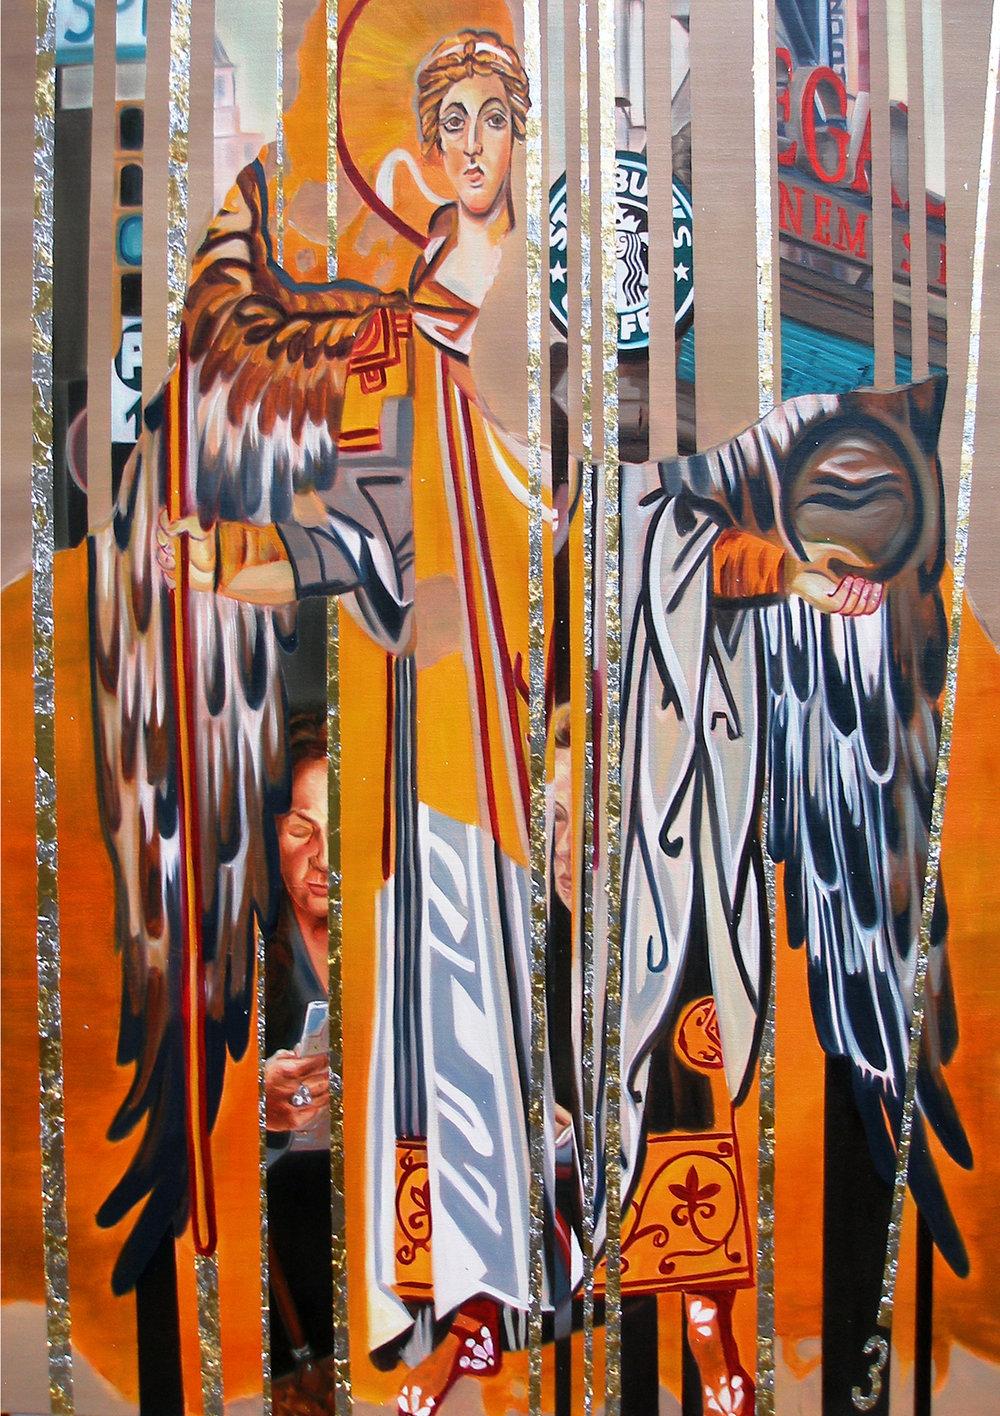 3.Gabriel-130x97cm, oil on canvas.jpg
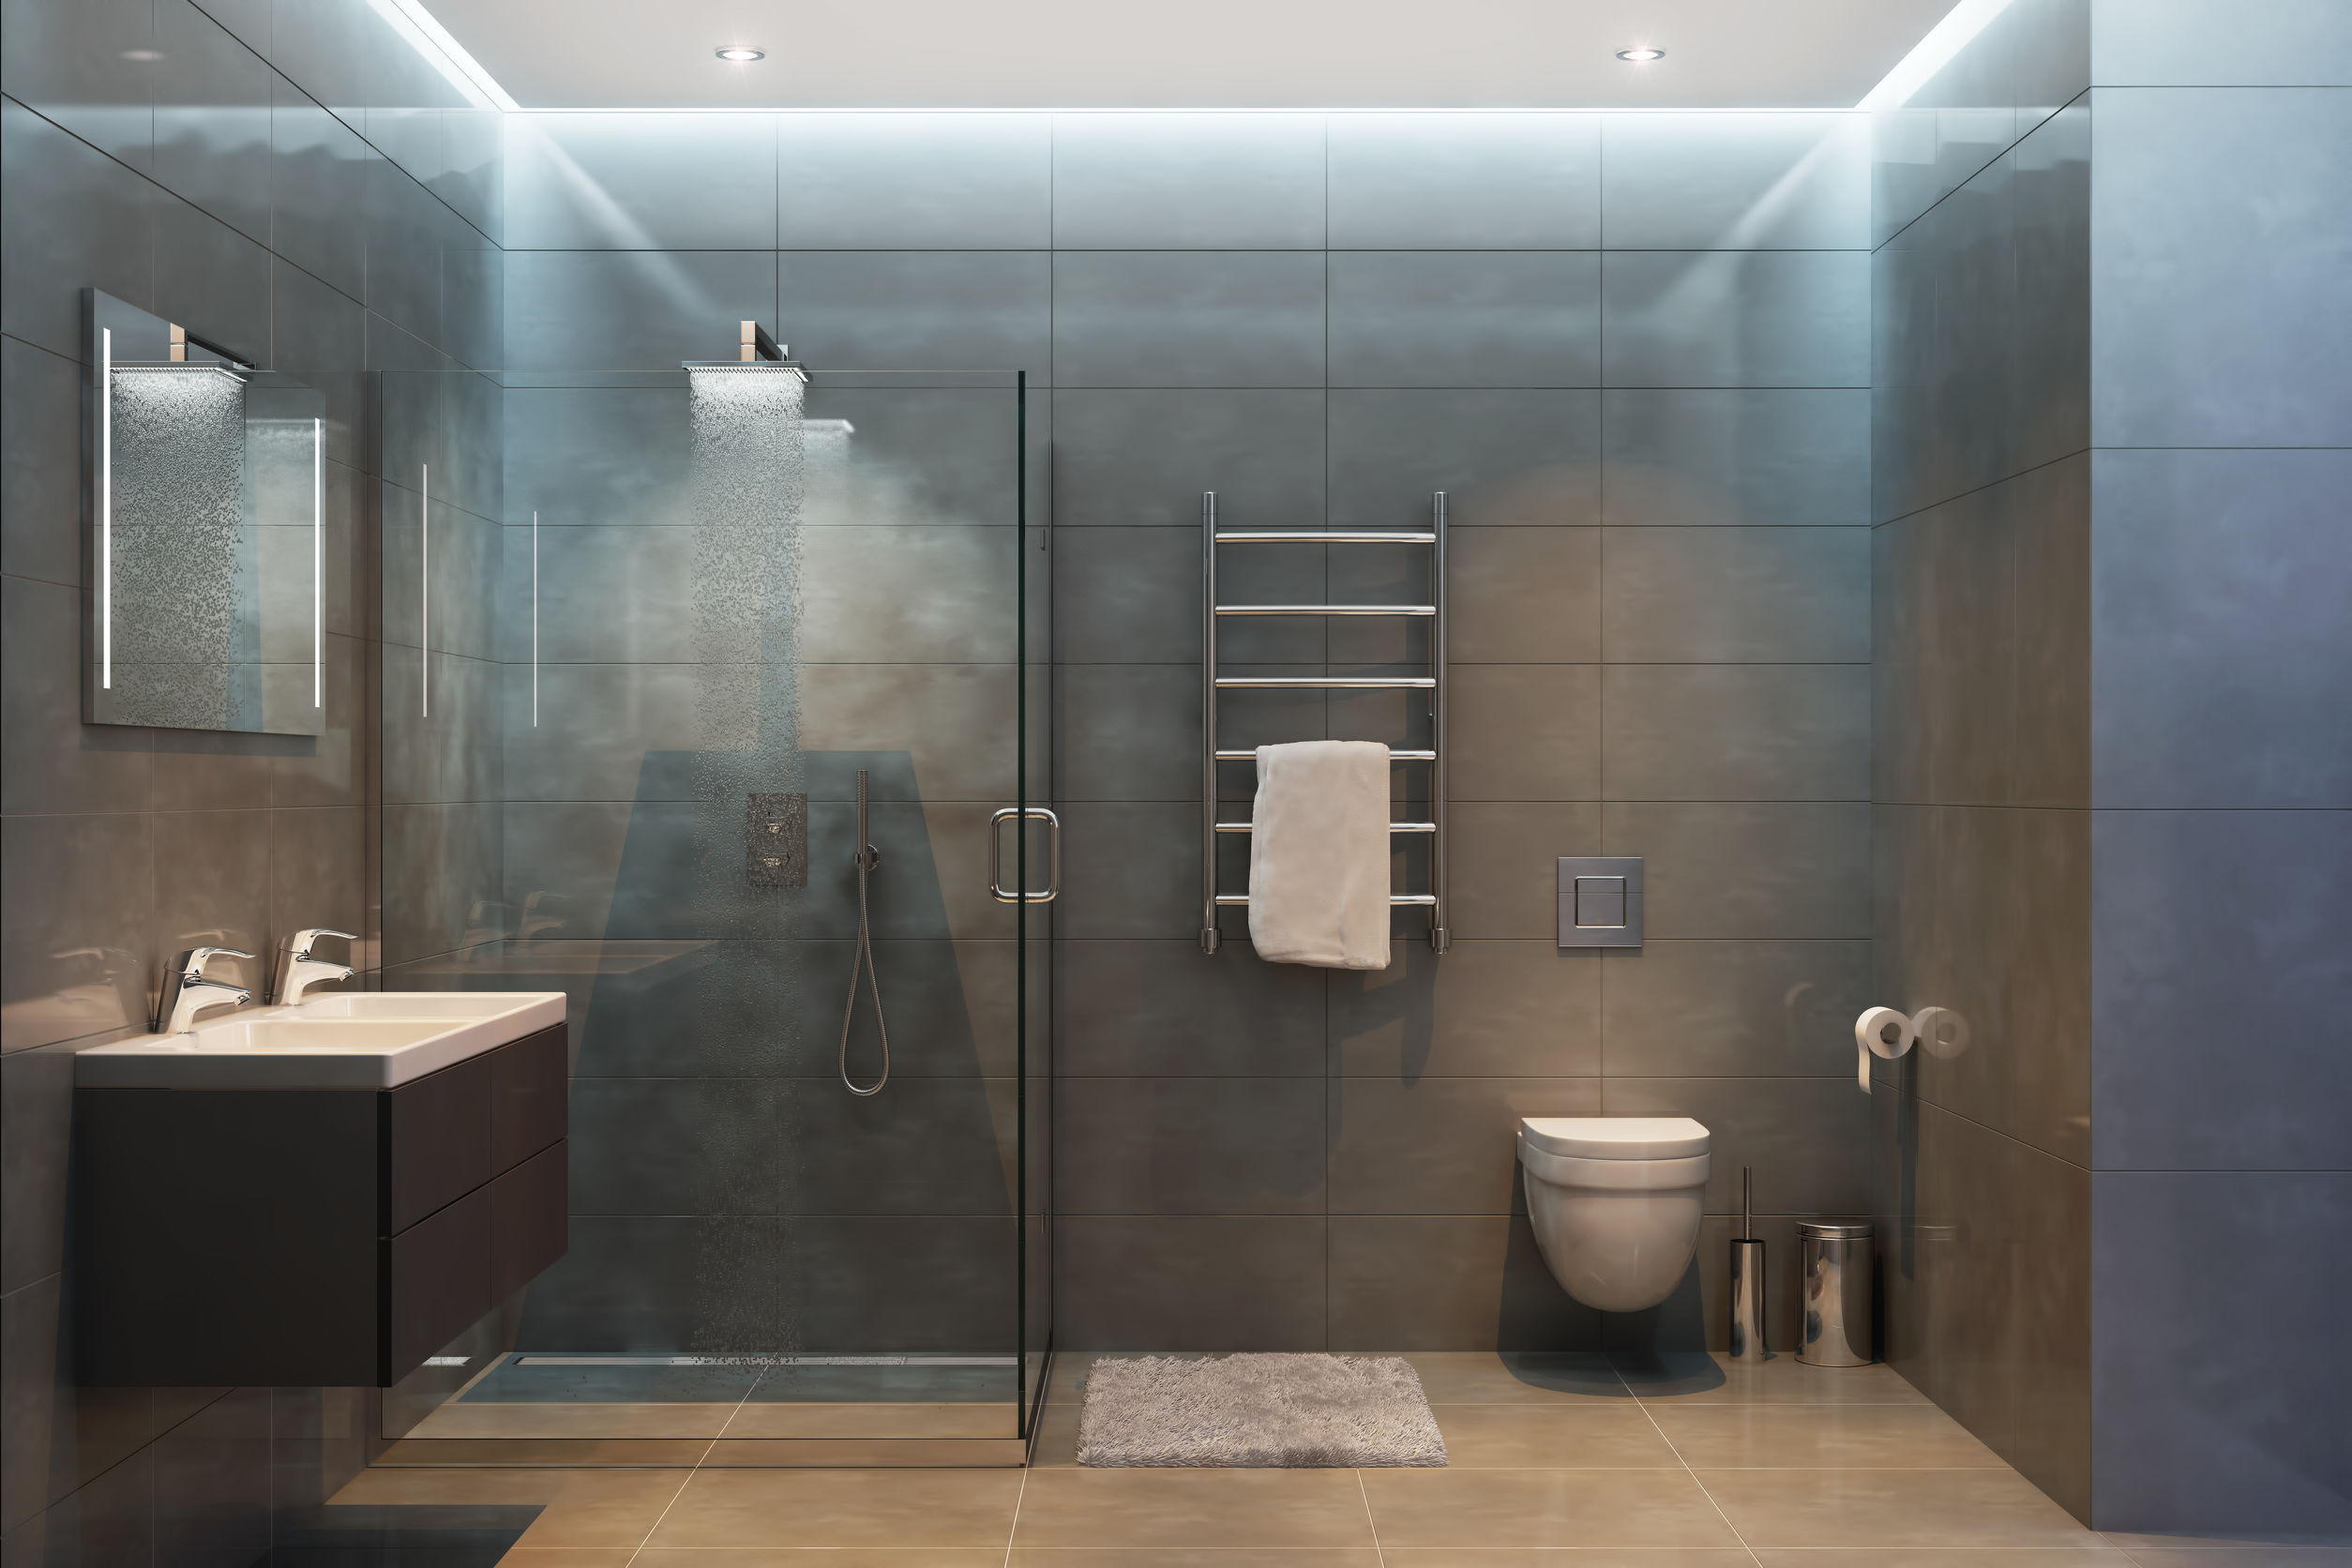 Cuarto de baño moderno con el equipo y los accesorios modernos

□ □ □

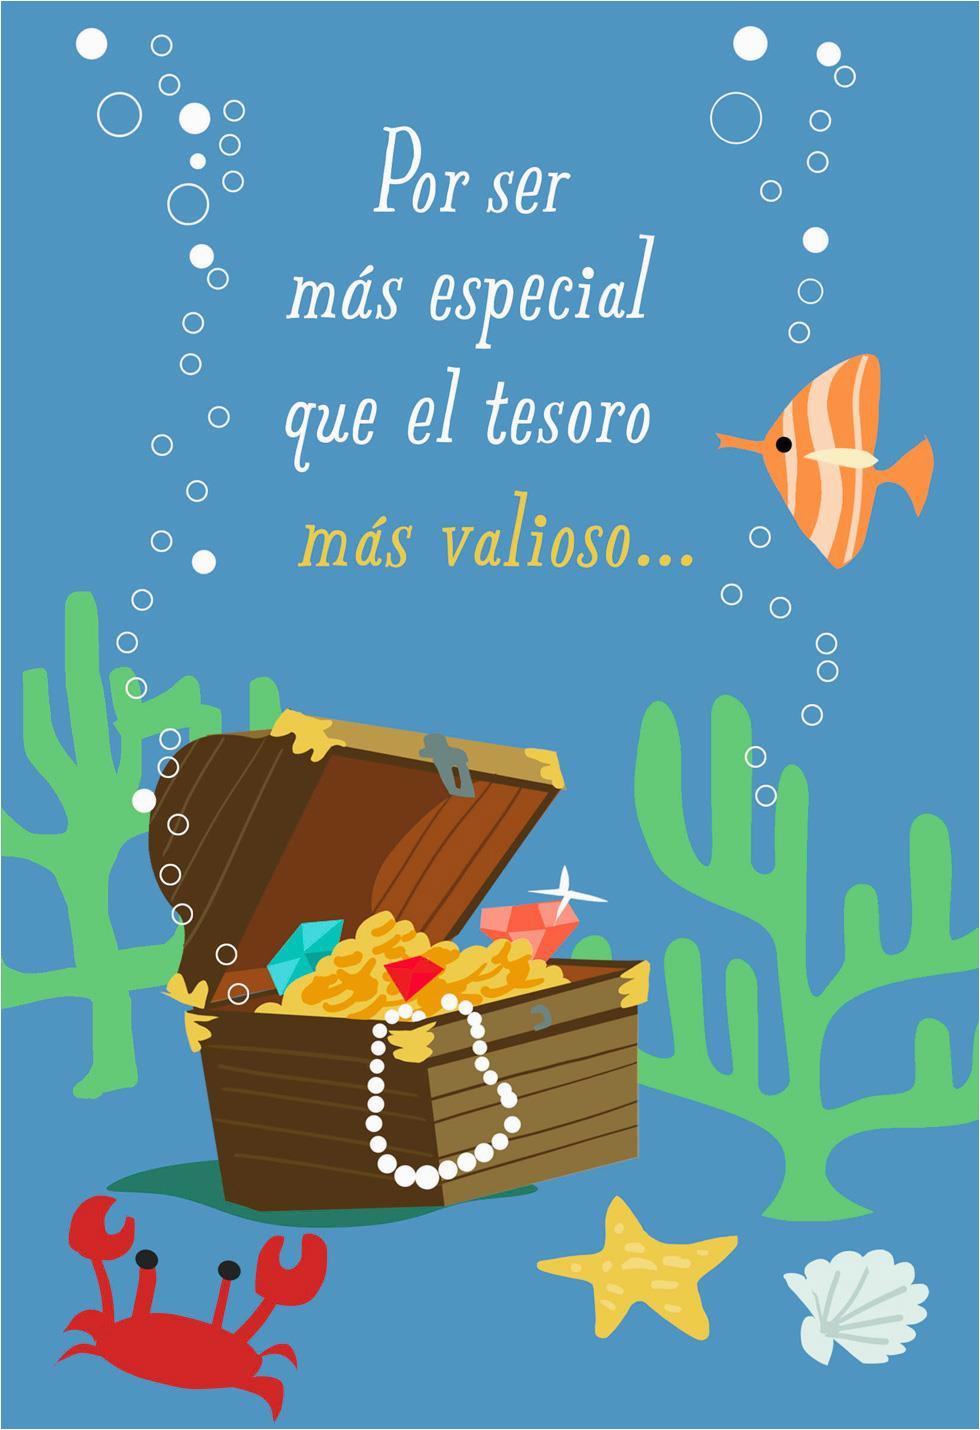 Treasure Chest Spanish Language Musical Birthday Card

□ □ □

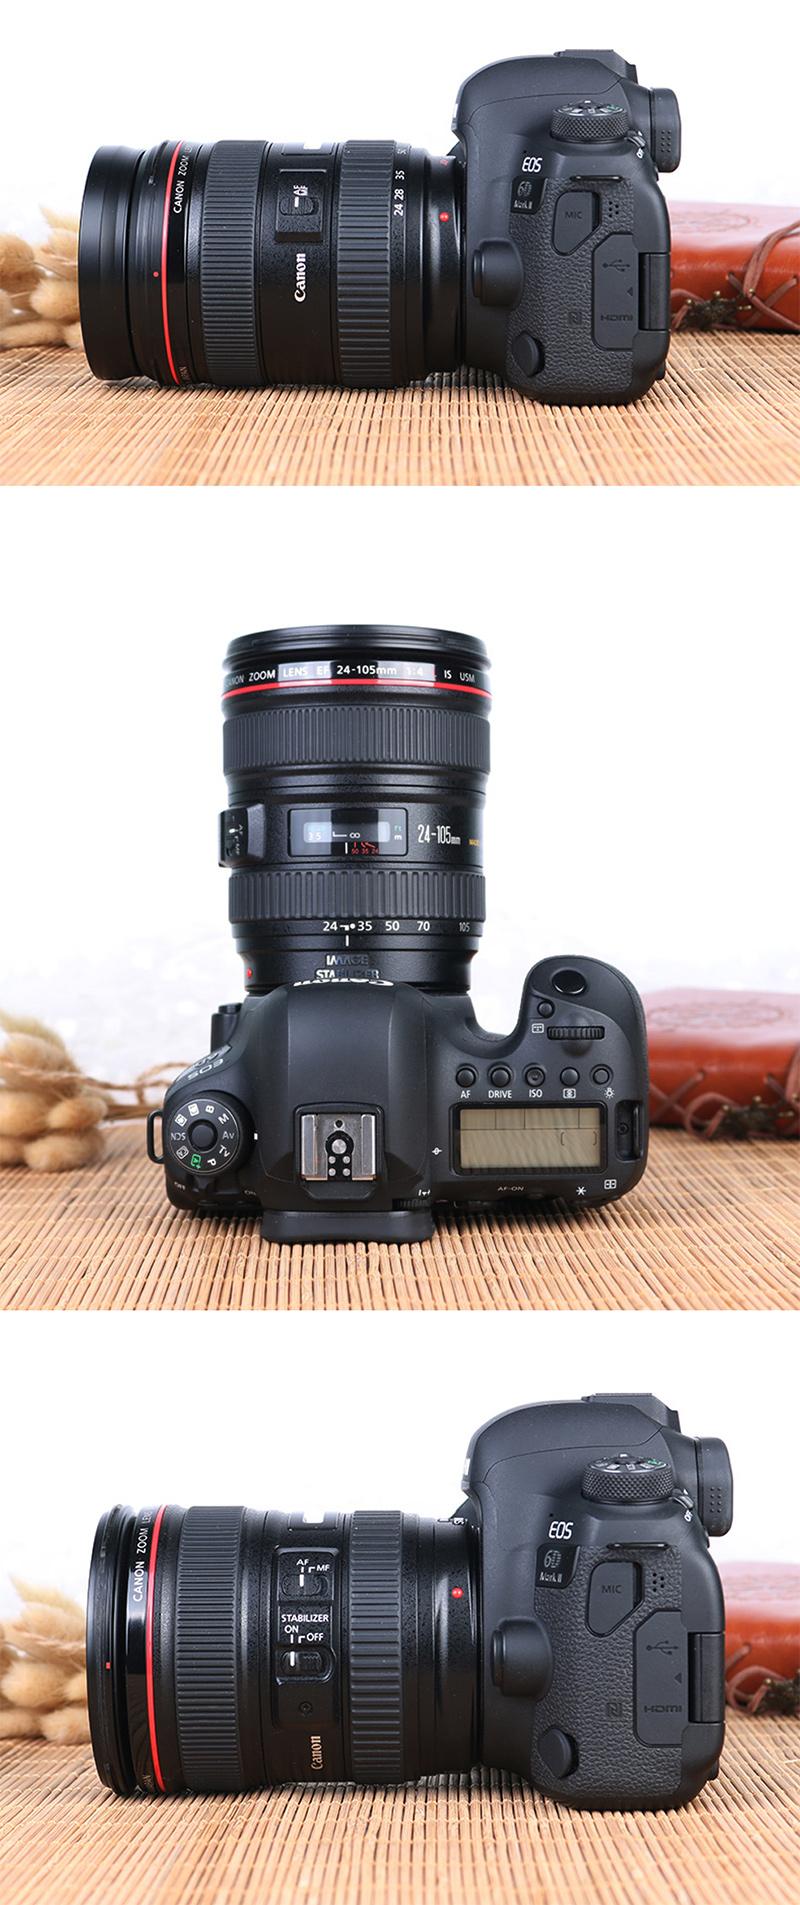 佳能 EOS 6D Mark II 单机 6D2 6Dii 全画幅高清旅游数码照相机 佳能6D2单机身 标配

□ □ □

**Activity:**
From the entries above, copy exactly the lines starting at the one with "3.Gabriel-130x97cm, oil on canvas.jpg" and stopping at the one with "Cuarto de baño", keeping both ends. Drop the pictures.

**Task result:**
 3.Gabriel-130x97cm, oil on canvas.jpg
 Cuarto de baño moderno con el equipo y los accesorios modernos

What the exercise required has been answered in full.